Cientistas pedem por ações políticas ousadas para combater aumento global do consumo de alimentos ultraprocessados
Pesquisadores propõem ações rígidas iguais as impostas à indústria do tabaco
Um novo conjunto de estudos publicados na revista The Lancet acende um alerta internacional sobre o rápido avanço dos alimentos ultraprocessados (UPFs) nas dietas de vários países. Segundo os pesquisadores, o crescimento contínuo desse tipo de produto já está associado ao agravamento de doenças crônicas e ao enfraquecimento da segurança alimentar, exigindo respostas coordenadas e firmes por parte de governos ao redor do mundo.

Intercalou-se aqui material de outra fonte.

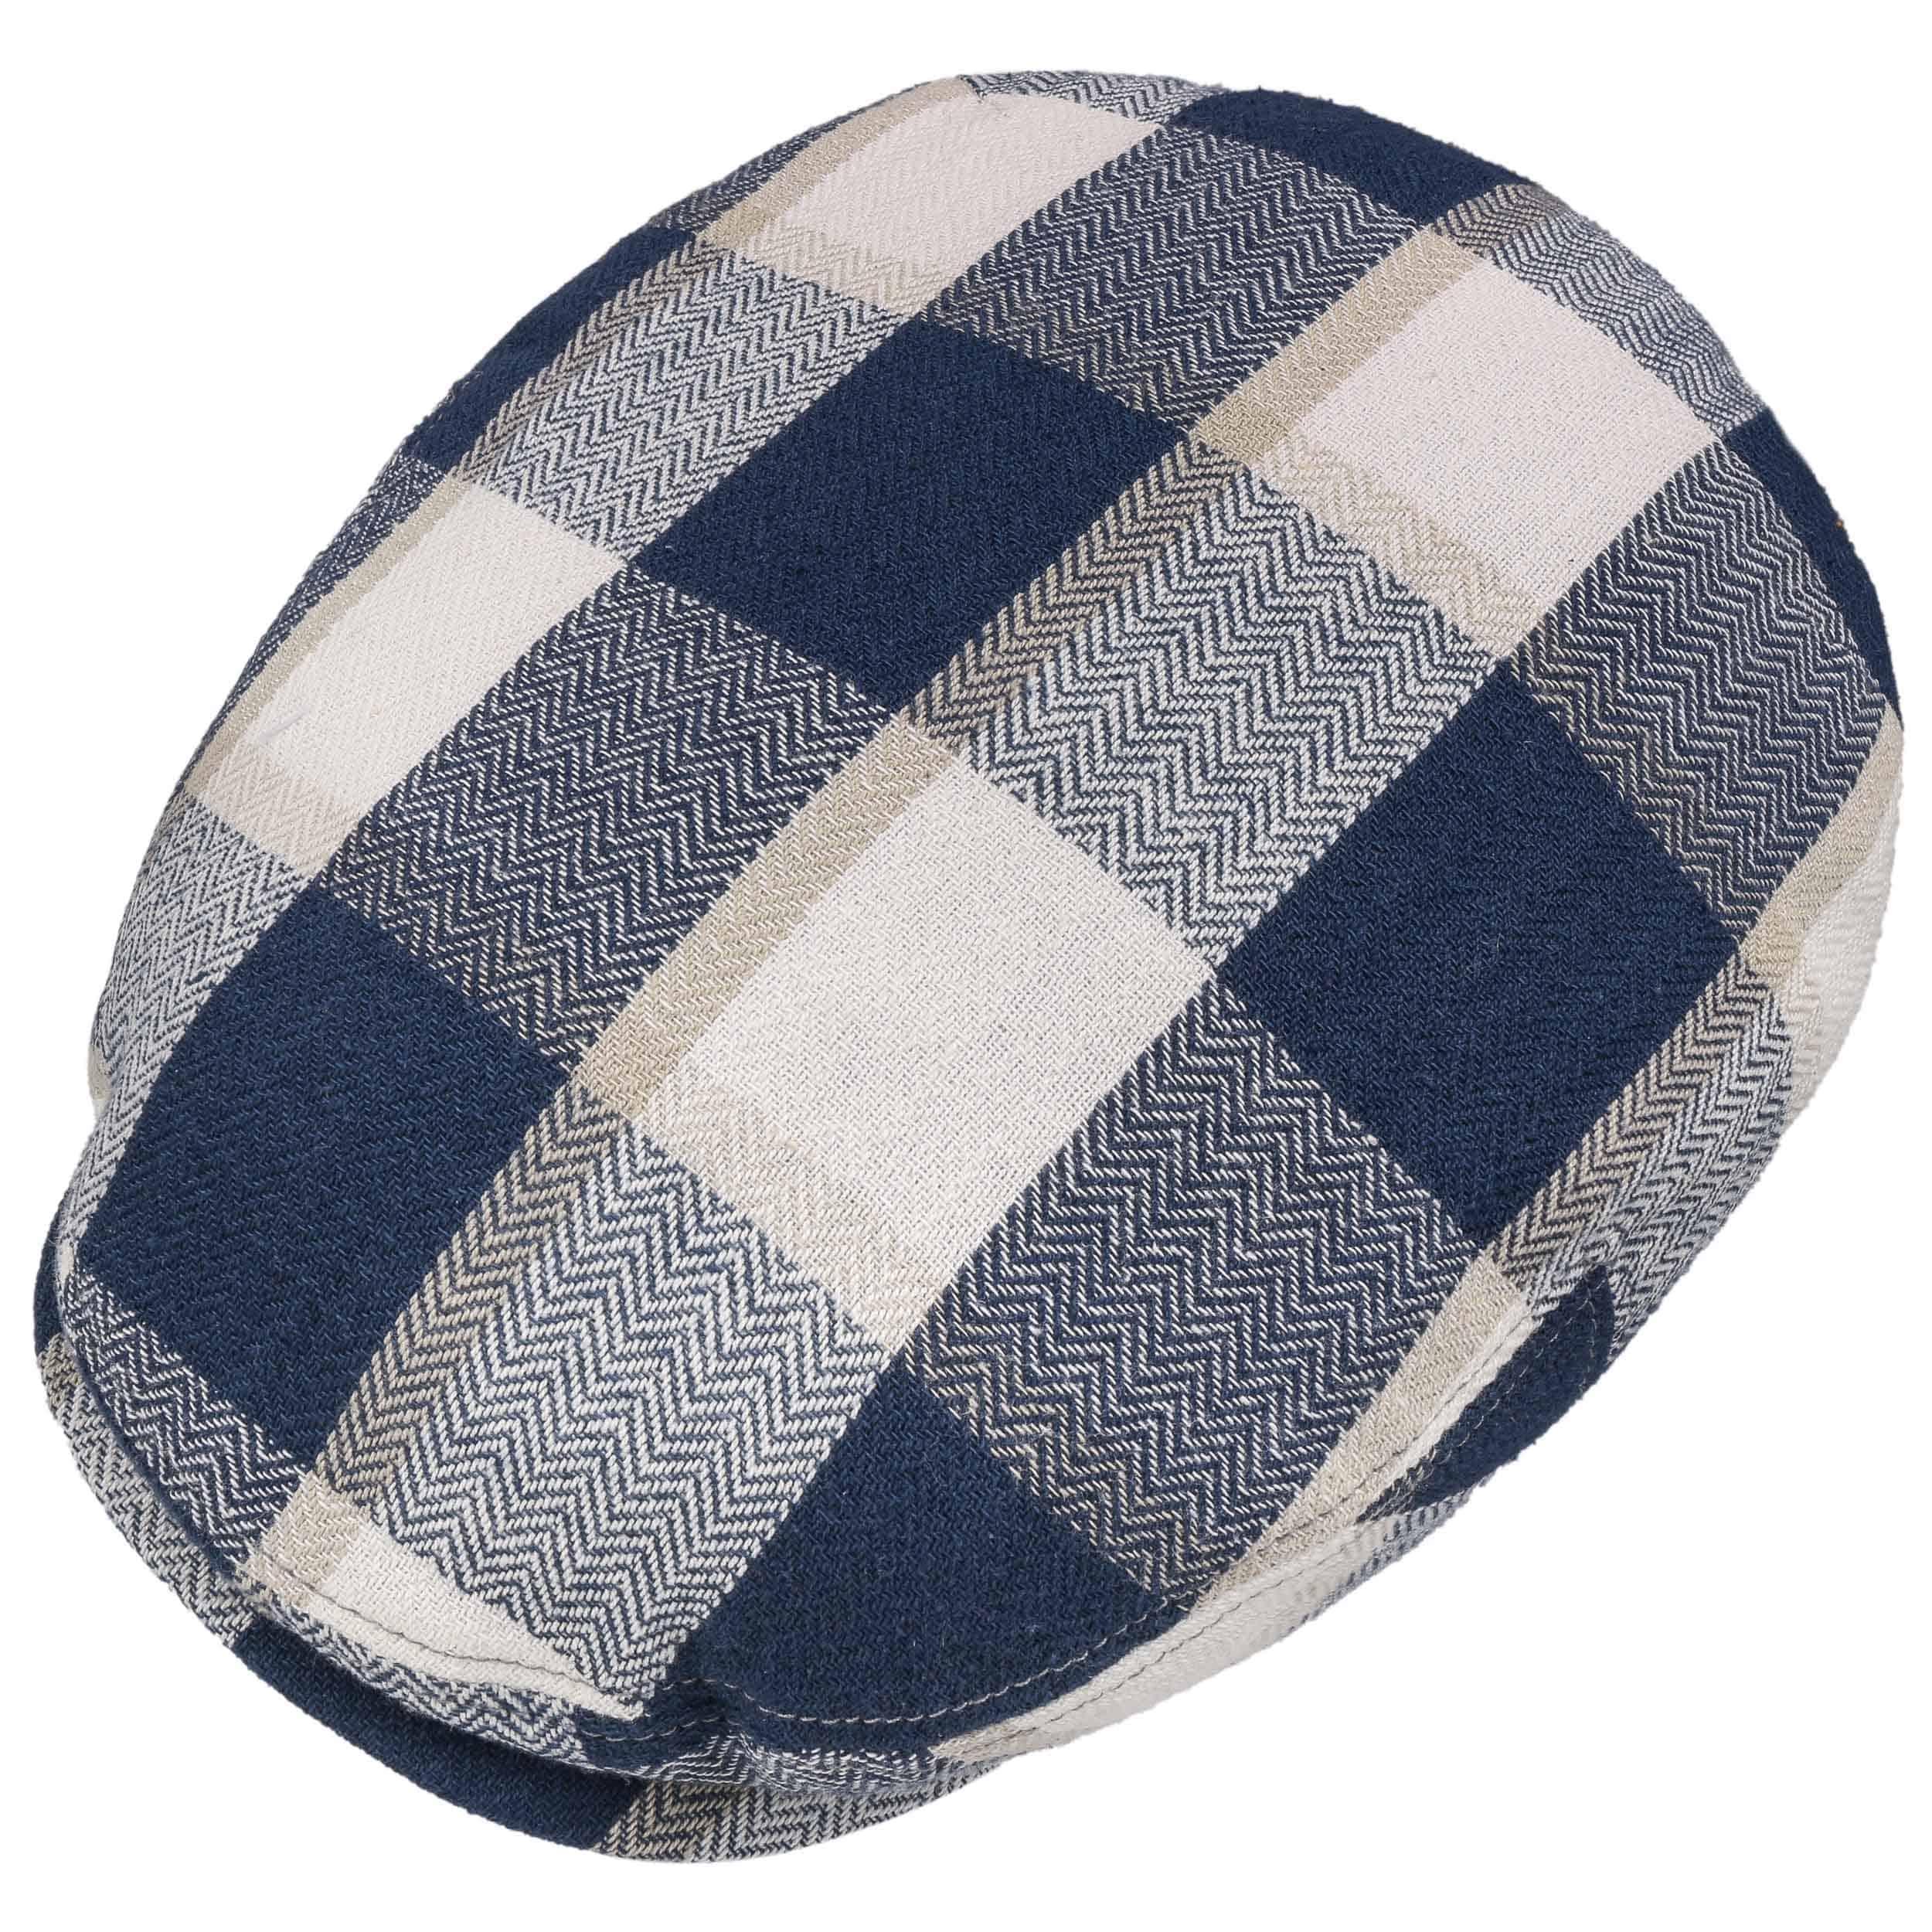 2907a4c9 Kent Check Linen Cap by Stetson - blue-beige 1 ...

Os UPFs, definidos pelo sistema Nova como produtos industriais formulados com ingredientes altamente processados, aditivos cosméticos e substâncias derivadas de commodities baratas, estão substituindo refeições frescas e minimamente processadas em escala global. De acordo com a série de três artigos, essa mudança alimentar está diretamente ligada a maior risco de obesidade, diabetes tipo 2, doenças cardiovasculares, depressão e mortalidade precoce.
Os autores argumentam que, embora debates acadêmicos sobre definições e classificações continuem, as evidências já são robustas o suficiente para justificar intervenções urgentes. A demora na adoção de políticas públicas, alertam os especialistas, tende a reforçar o domínio de grandes corporações transnacionais que lucram com a expansão desses produtos e atuam politicamente para impedir regulações mais rígidas.
Pesquisadores pedem por ações no âmbito político
Entre as recomendações apresentadas estão a inclusão de marcadores de ultraprocessamento em rótulos frontais, restrições à publicidade (especialmente a...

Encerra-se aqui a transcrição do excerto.